Ключ
Шрифт:
Нещеретов держался значительно более правых взглядов, чем Семен Исидорович. Однако это обстоятельство было скорее приятно Кременецкому. Он даже хотел бы, чтобы его зять делал «бюрократическую карьеру». У некоторых людей, близких по кругу и по взглядам Семену Исидоровичу, были родственники с немалым служебным и даже придворным положением, но родство с ними только увеличивало престиж этих людей.
«Разумеется, не в деньгах счастье и Муся нуждаться у меня не будет. Главное, чтоб они понравились друг другу. Но разве такой ребенок, как Муся, может знать цену людям, может разбираться в чувствах? И разве она понимает, как скрашивает жизнь богатство», — думал Кременецкий с легкой, чуть горькой, чуть растроганной улыбкой человека, который не отказался от идеалов молодости, но, умудренный жизнью, научился делать к ним поправки. Хотя Семен Исидорович часто с умилением говорил о золотых днях юности и о радужной весне жизни, он был теперь гораздо самоувереннее
Эти соображения и то, что в связи с ними требовалось делать, были неприятны Кременецкому, так все это не походило на его обычные мысли и занятия. Посоветоваться было не с кем. Тамара Матвеевна знала о планах мужа, думала о них точно такими же мыслями, как он, и умилялась, что столь замечательный человек входит в дела, вполне доступные ее собственному разуму. Она первая и навела, мужа на эти мысли, сказав ему вскользь после какого-то вечера, что Муся, кажется, очень нравится Нещеретову. По-настоящему они, однако, об этих планах никогда не говорили.

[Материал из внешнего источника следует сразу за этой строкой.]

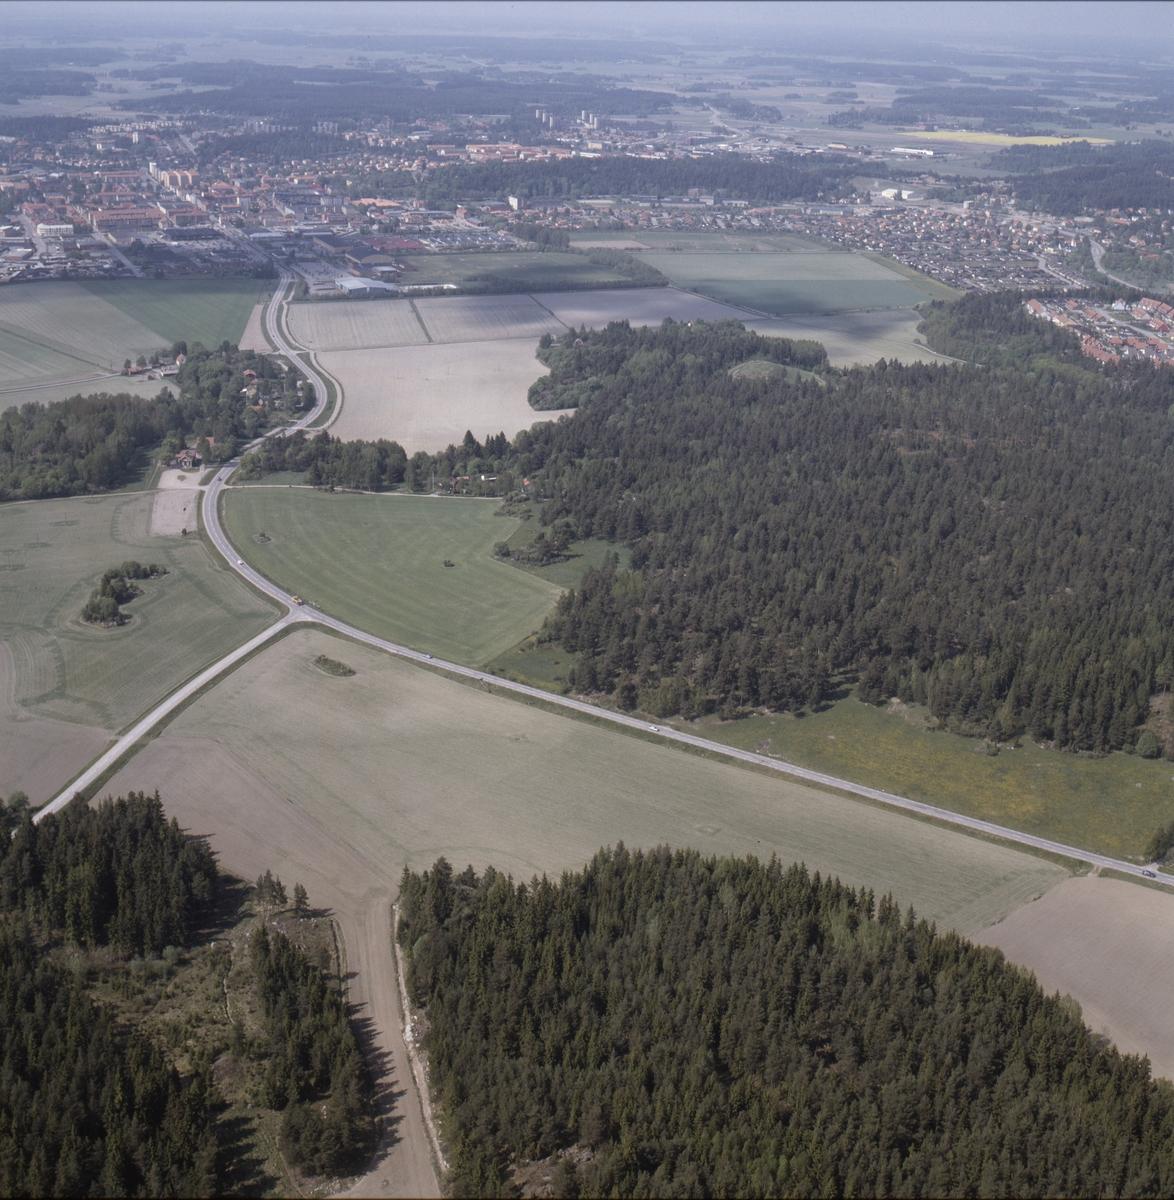 Vy över Klista och Husberg mot Enköping, Uppland, juni 1989

Дня за два до того Кременецким во время обеда принесли от Нещеретова билеты на концерт, устраиваемый в пользу благотворительного общества, во главе которого он стоял. Тамара Матвеевна так поспешно и с таким значительным видом предложила послать двести рублей, что Семен Исидорович почувствовал некоторую неловкость. Обычно в подобных случаях они давали от десяти до пятидесяти рублей, в зависимости от того, кто присылал билеты. Кременецкий, однако, немедленно согласился с женой, быстро перевел разговор на другой предмет и после завтрака, не глядя на Тамару Матвеевну, дал ей для отсылки две сторублевые ассигнации.
Муся лишь чуть заметно улыбнулась при этом разговоре. Ей родители о замужестве вообще никогда не говорили. У них давно было решено, что если заговорить с Мусей о том, как выдать ее замуж, то произойдет нечто страшное, настолько далека девочка от таких мыслей. В действительности Муся немедленно догадывалась о семейных планах, но не показывала вида, что догадывается: так было удобнее и спокойнее. Она очень трезво с разных сторон обдумывала всякую намечавшуюся у родителей комбинацию. Нещеретов не нравился ей и не был ей противен. Однако эти планы сразу показались Мусе несерьезными, и она почти не остановилась на них в воображении. Ей даже захотелось было сказать отцу, чтобы он не тратил даром времени. Но такое замечание, очевидно, открыло бы возможность разных ненужных и неприятных разговоров и сразу вывело бы ее из удобной роли девочки, стоящей бесконечно далеко от подобных дел. Муся ничего не сказала.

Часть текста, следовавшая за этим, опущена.